Tips for best results

GutCutter operates on only a single line of text at a time. Thus, Illustration captions and Footnotes that run on for several lines will be only incompletely handled. If it is convenient, try to edit these beforehand to fit on a single line, in which case GutCutter will be able to render the complete HTML markup.

Using GutCutter to highlight errors

GutCutter-created HTML document highlighting suspected errors

One of GutCutter's Styles is set up to prepare an HTML document that highlights many types of suspected errors in a text file, including:

To use this function:

  1. Open the GutCutter application
  2. Select your input text file
  3. Select the Style named "Show Errors (HTML only)".
  4. Click the "Modify Text" button.
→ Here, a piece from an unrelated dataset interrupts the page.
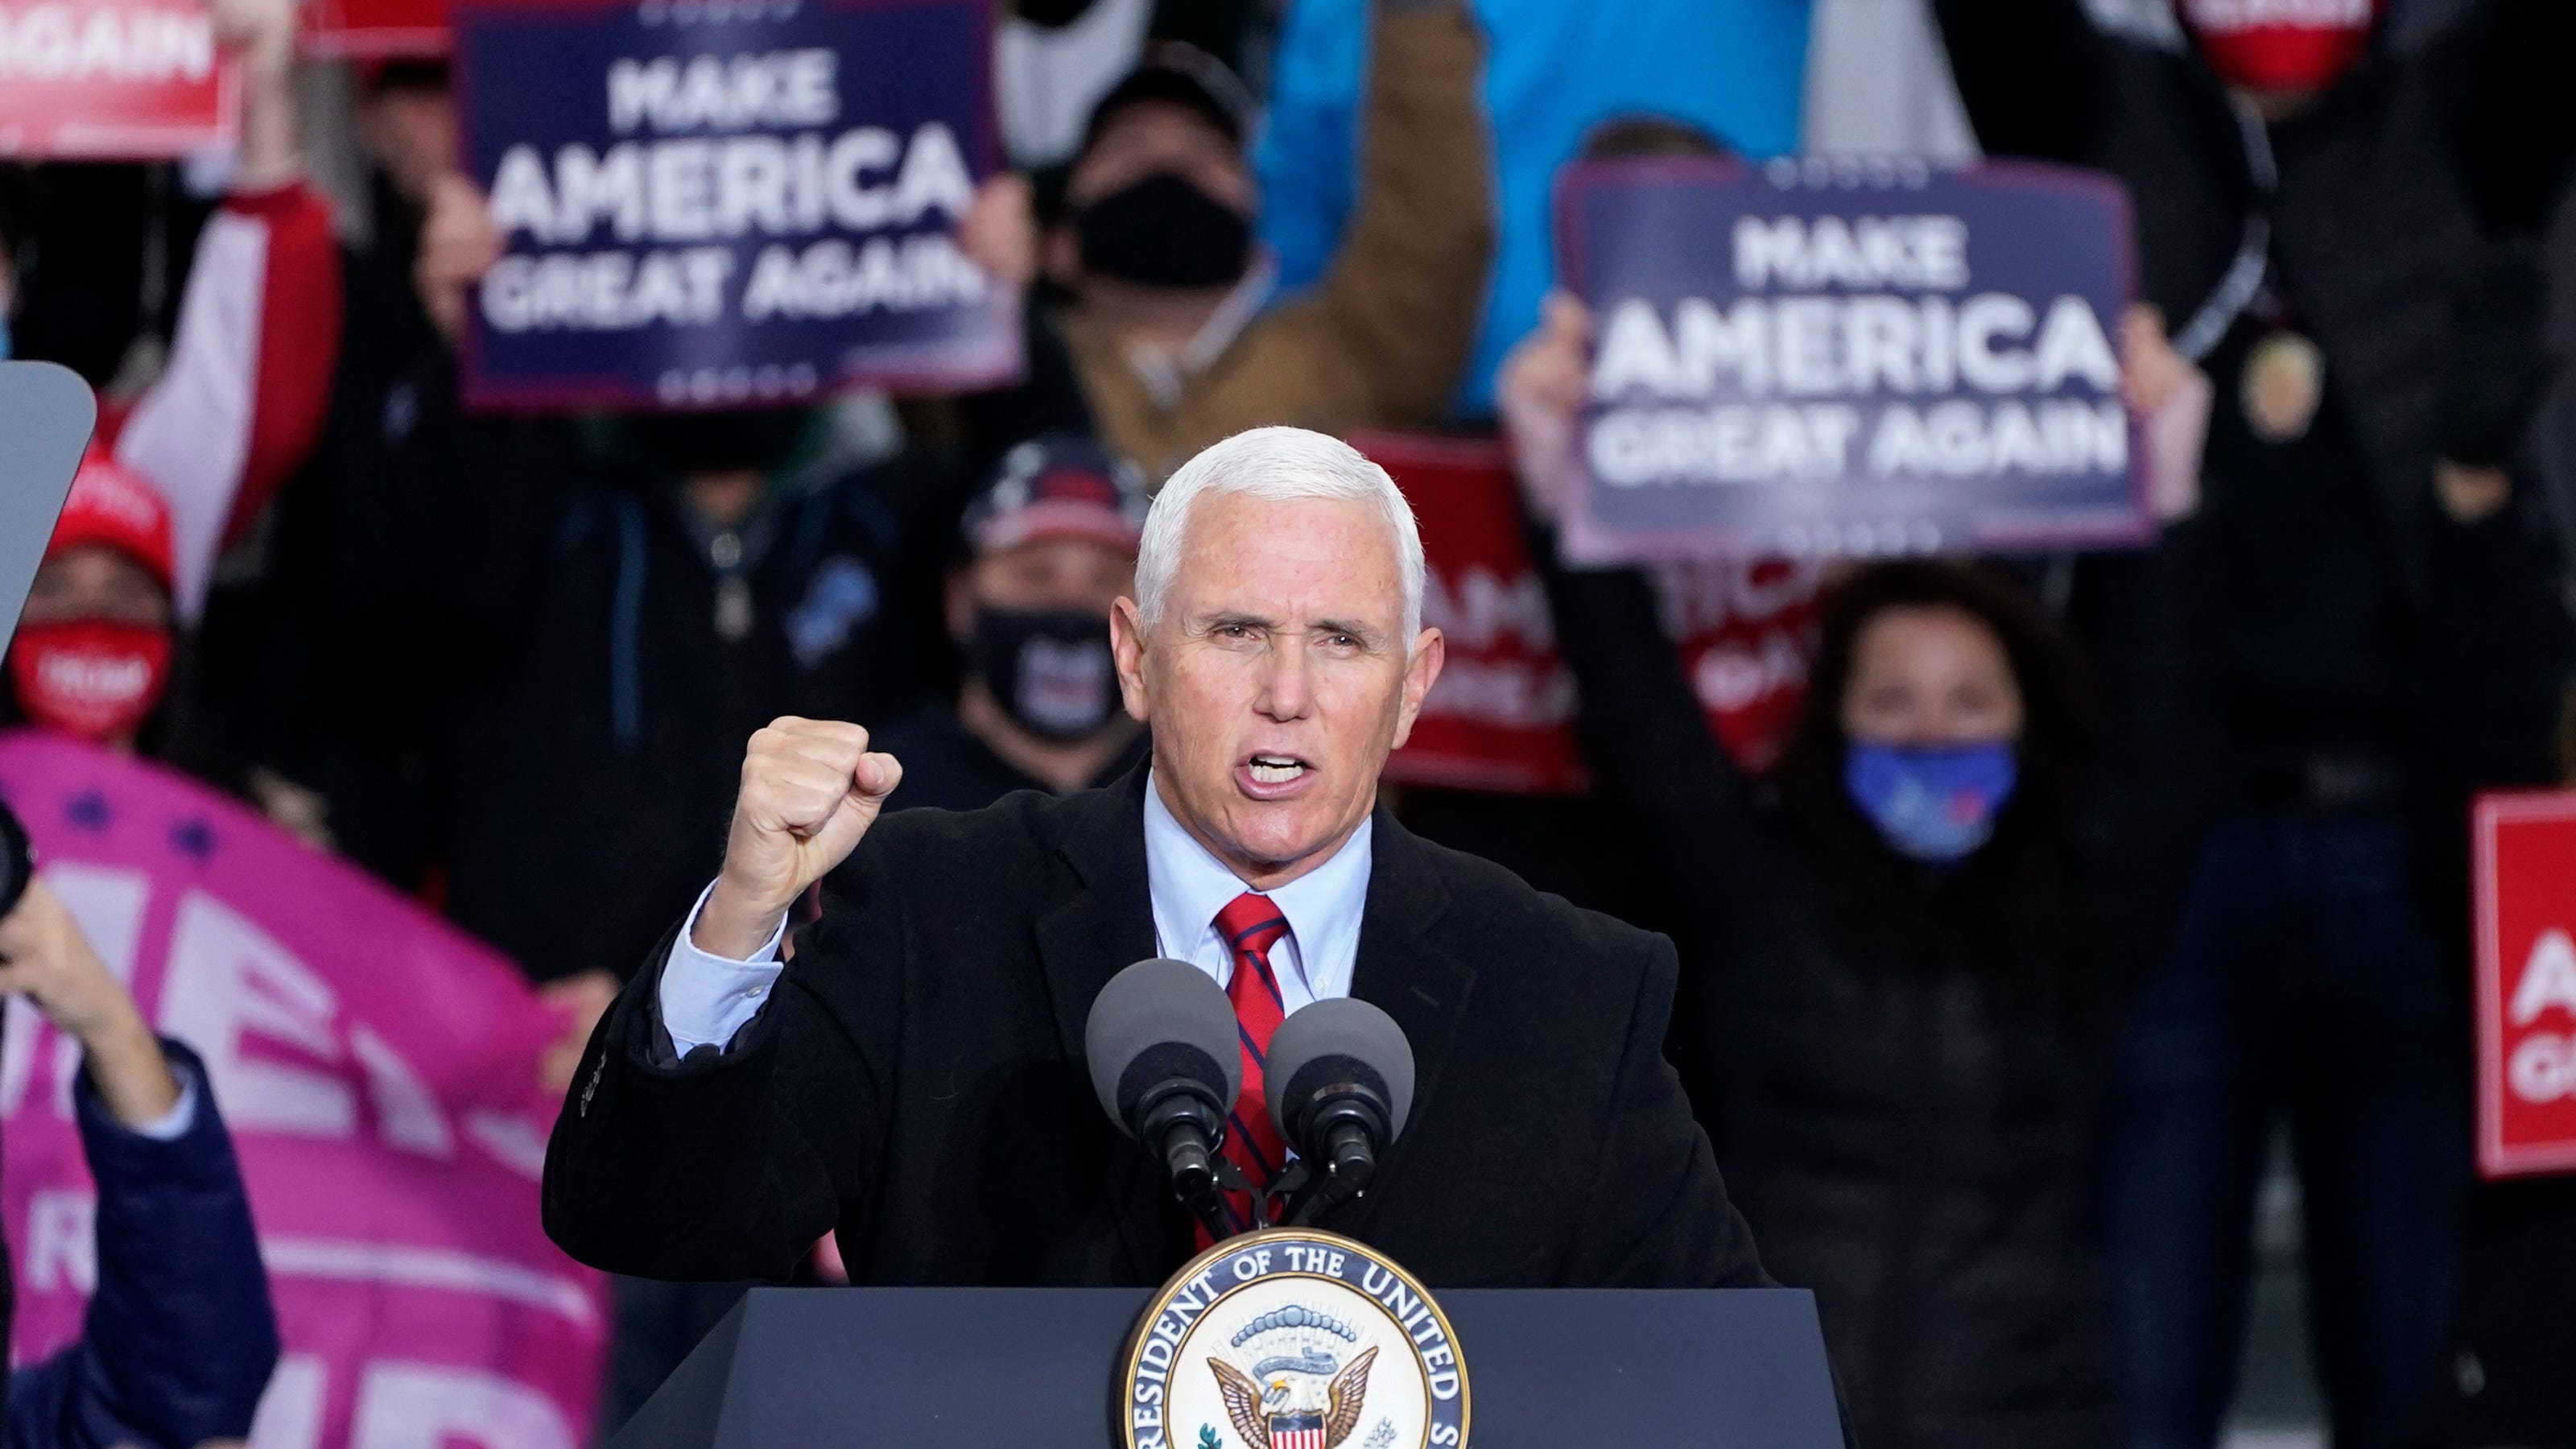 Pence campaigns for Trump in Flint, gets key Democrat's vote - The Detroit News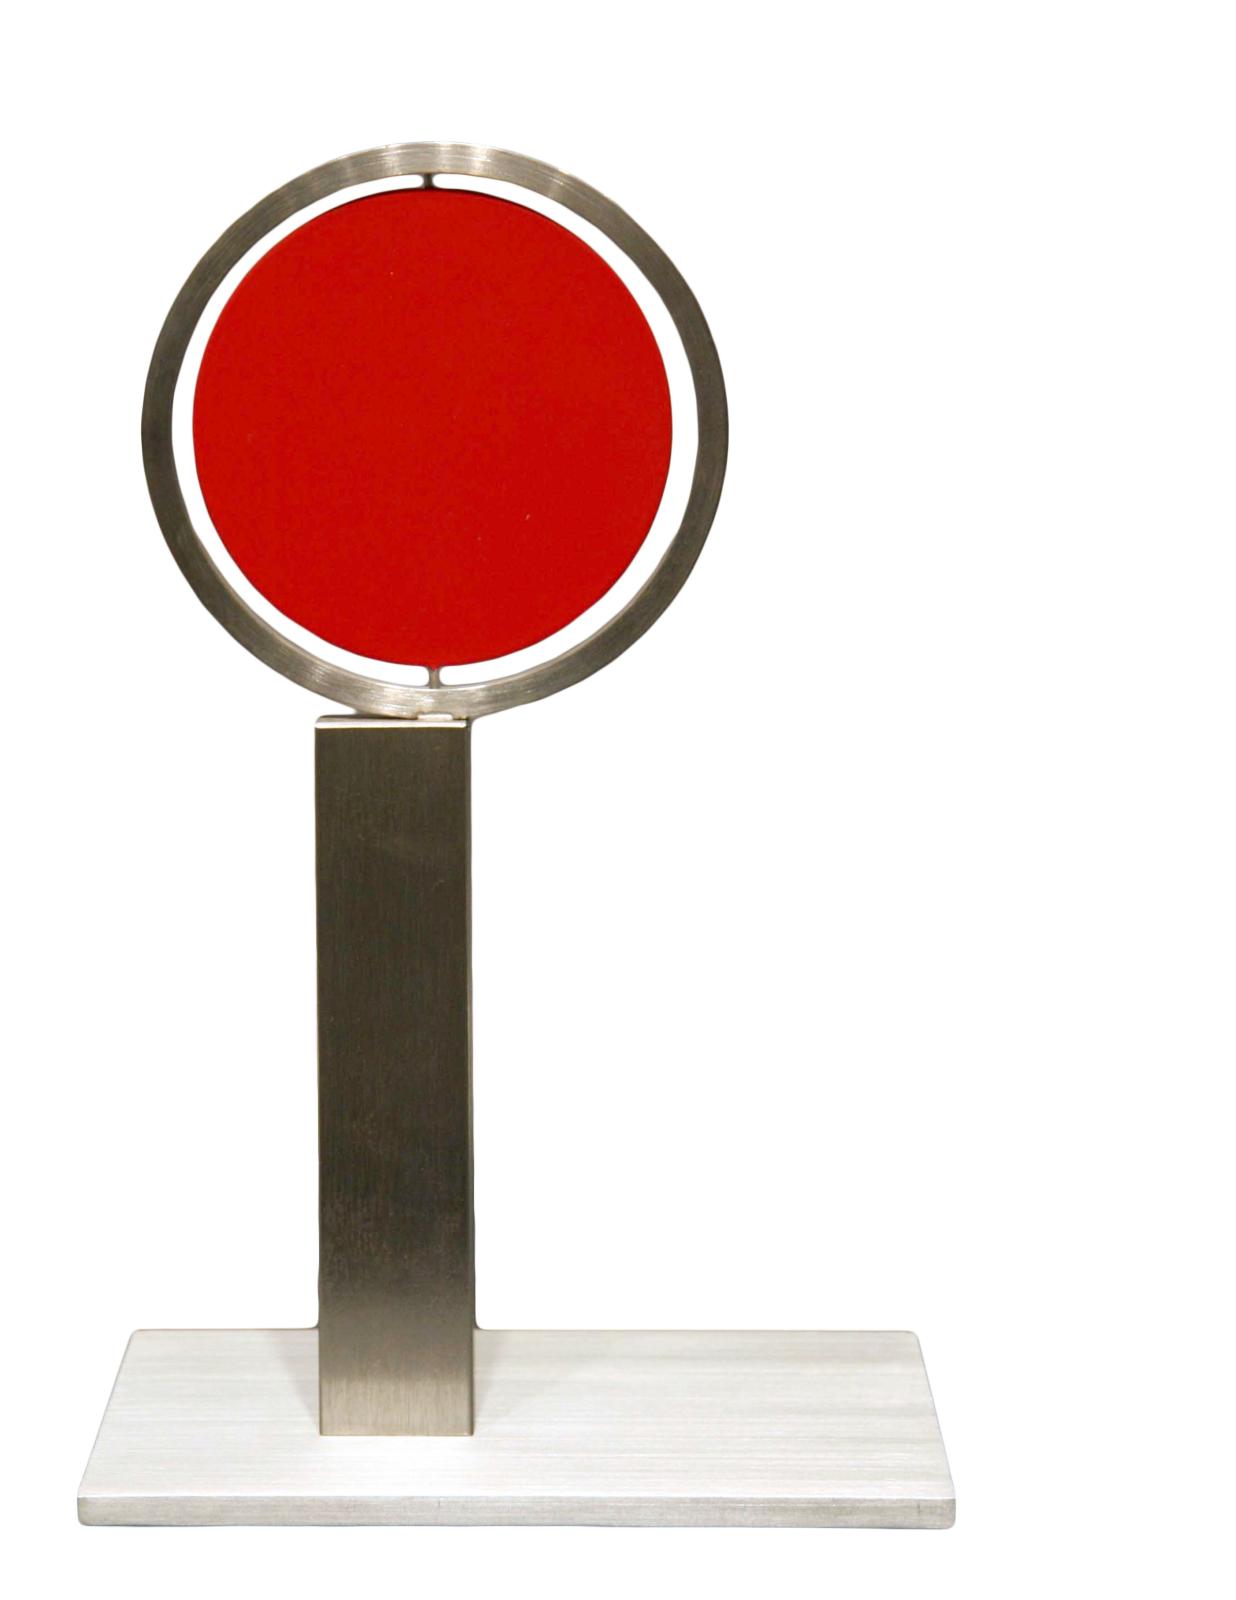 Roger Phillips, Disc on Column (maquette), 2004

Be patient—this may take several minutes, as GutCutter is checking for over a thousand kinds of errors, as well as formatting the text into HTML according to whatever markup tags the text file has in place.
  5. Close GutCutter
  6. Open the output file GCout.htm in an HTML browser, such as Internet Explorer, Netscape Navigator, or Firefox. Hovering the cursor over any highlighted bit of text will usually (Firefox being an exception) indicate the reason why it is suspedted of being an error (e.g., "be for he", "rn/m confusion", "Stealth scanno").

The errors highlighted are those that would be found by GutAxe, another of the GutWrench suite of tools. The advantage of GutCutter is that the highlighted HTML document can be visually scanned very quickly for actual errors. Thus GutCutter is an optional replacement for GutAxe, the use of which has become somewhat tedious with the great increase in text quality since the changeover to four rounds of proofreading and formatting. Like GutAxe, this use of GutCutter is useful in Post-Processing Verification.

Note: The HTML file generated by this error-highlighting function is to be used for error-checking only. Do not submit it to DP for Post-Processing Verification or upload it to Project Gutenberg.